If you run a leak detector like valgrind or purify, you will not get "semantic leaks" where the programmer could have released a resource but didn't. 

The thing is that Valgrind and purify cannot identify all leaks. They can only identify lost memory, not general memory leakage. This is not surprising and probably eventually goes down to the halting-problem. Your argument that only leaks that can be detected algorithmically are leaks is flawed.

16 hours ago, Lawnmower Man said:

Also, for you to point at anything saved on disk and say: "That's a leak" is extremely presumptuous. 

First, I did not actually do that. I did merely point out that memory leaks can go to saved state and be persistent that way and that a save/reload not reducing memory is not a reliable indicator for the absence of a memory-leak. Are you disputing that?  Hence I did not state that this is definitely a memory leak (I do not know that), I did only state that the save/reload test is not conclusive.

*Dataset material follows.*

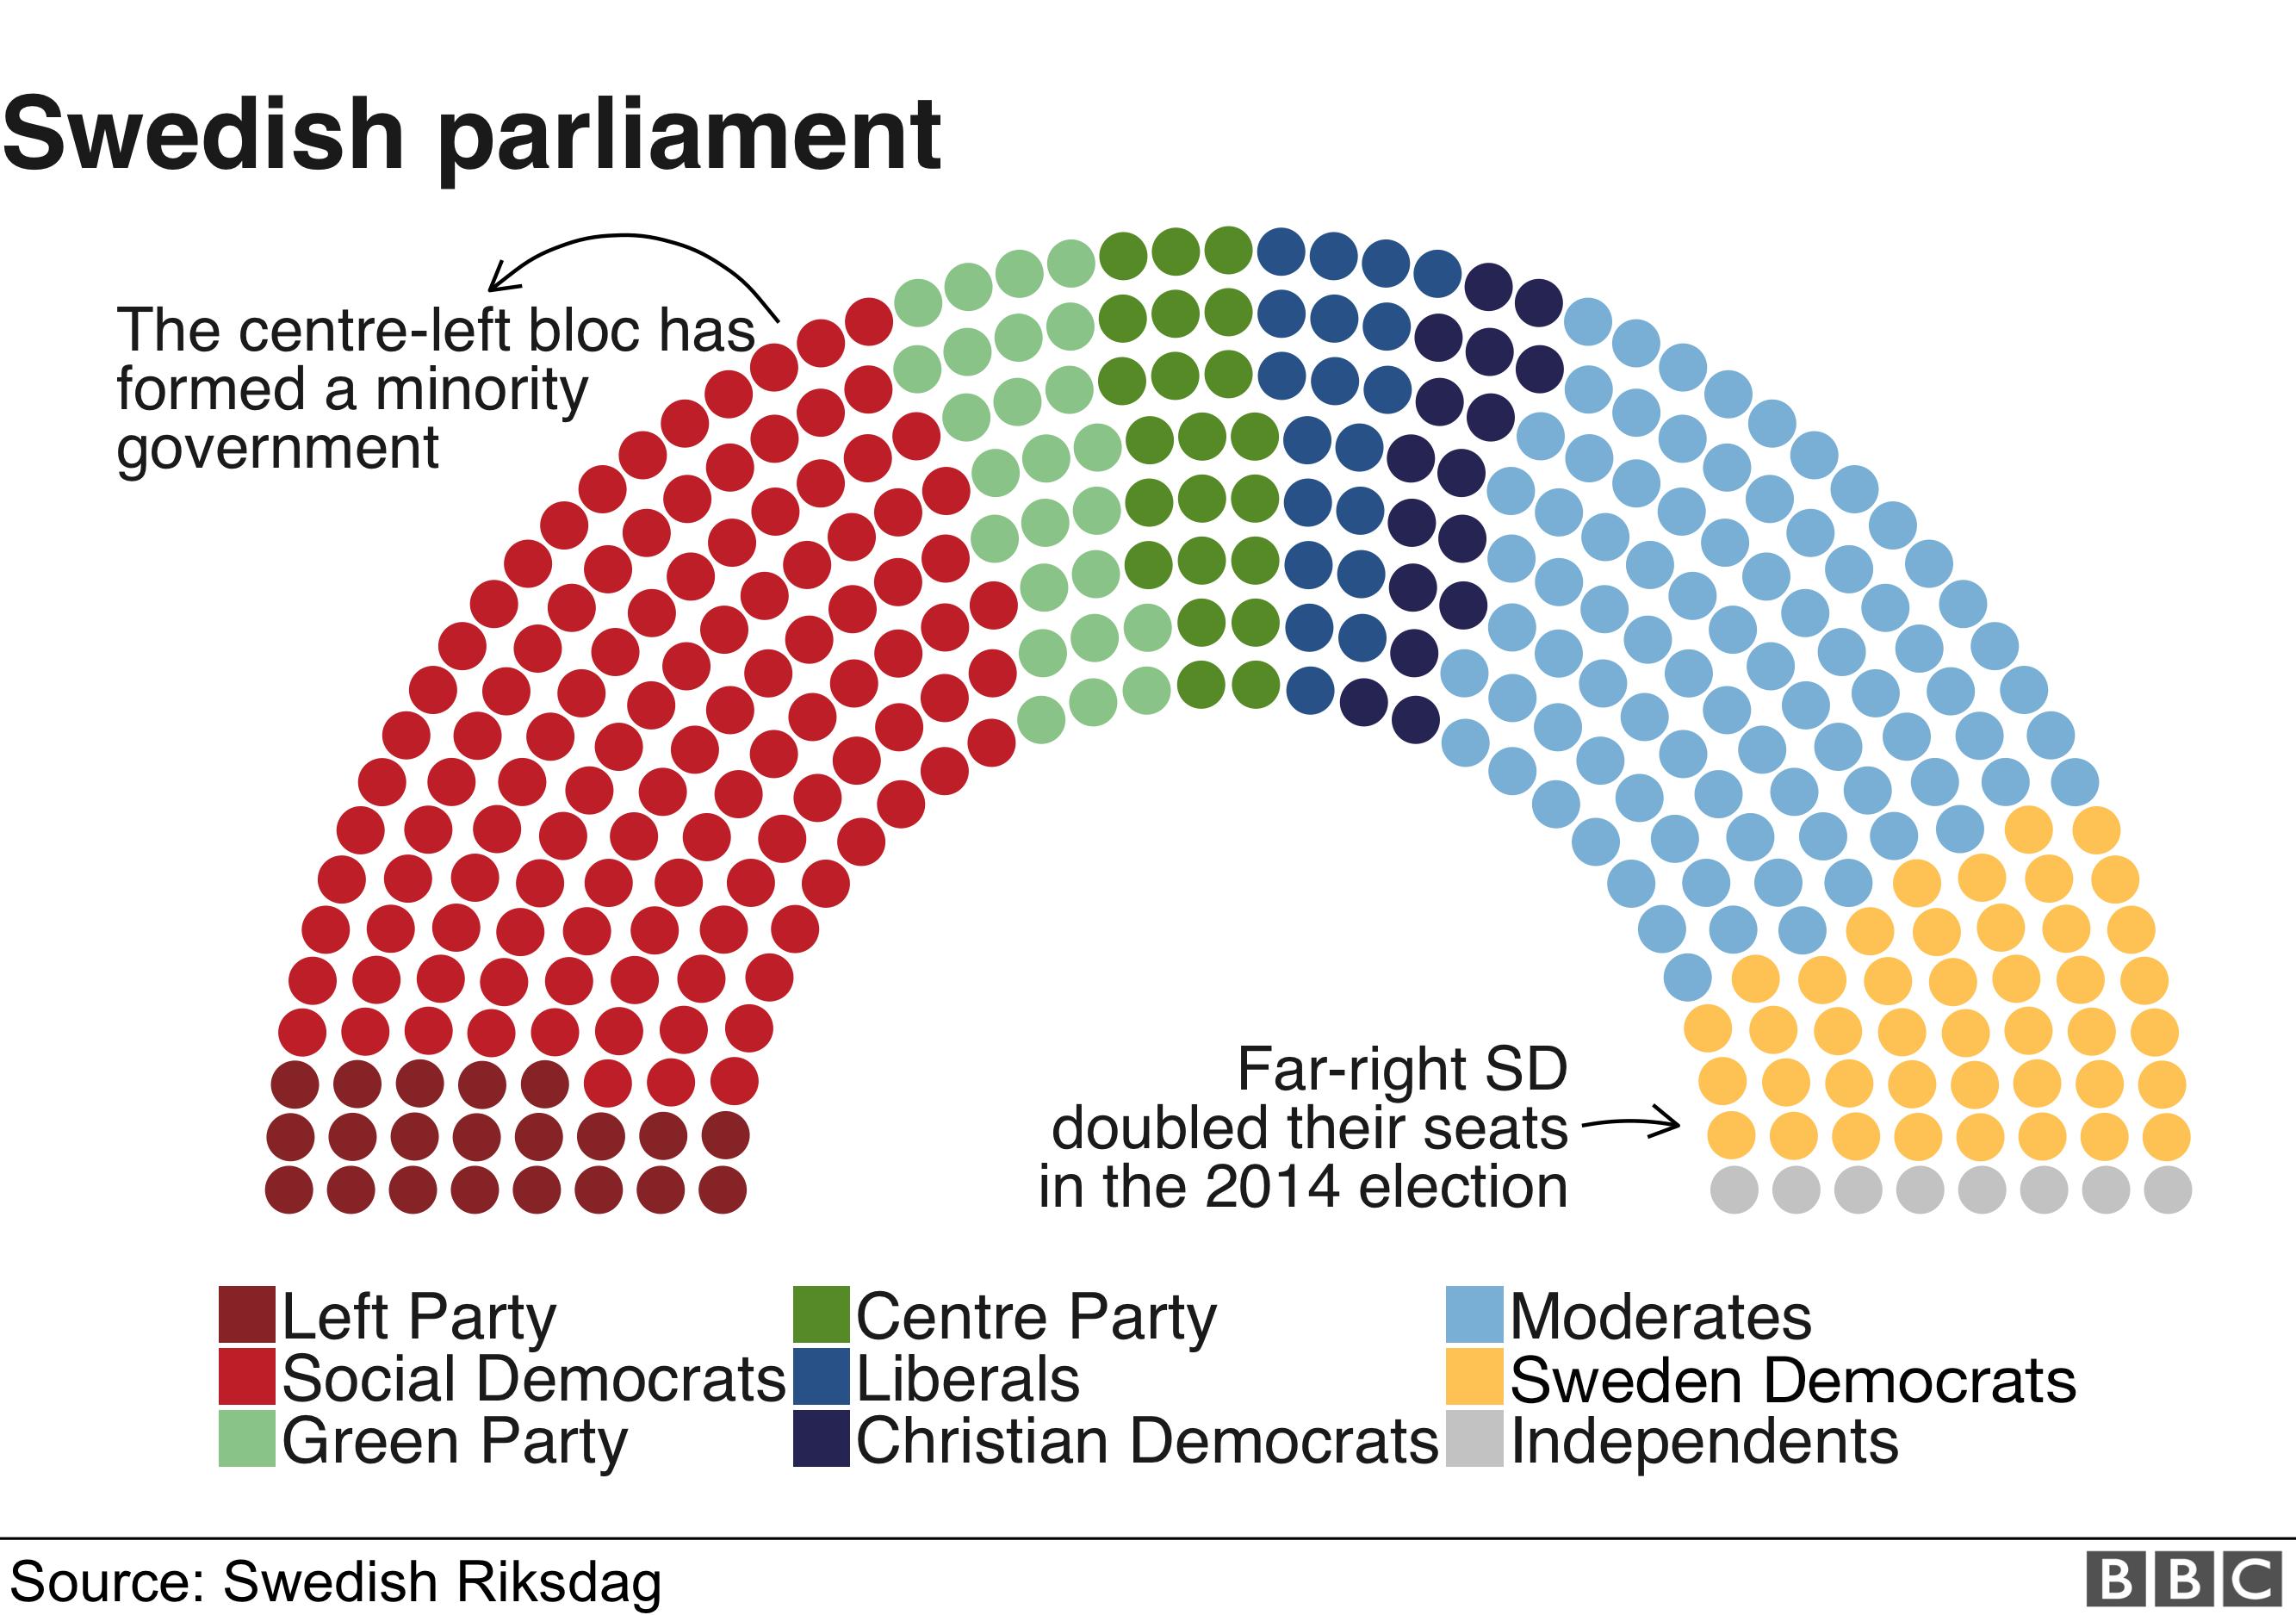 Sweden's parliament

As to being "presumptuous", that depends on my qualification and experience level, now does it? Let's not go into that, because that is something you cannot win and hence I will not even start that comparison. Lets stay on facts, shall we? And that Wikipedia article I linked says "a computer program incorrectly manages memory allocations in such a way that memory which is no longer needed is not released".  Do you claim this is not the mainstream usage of the term?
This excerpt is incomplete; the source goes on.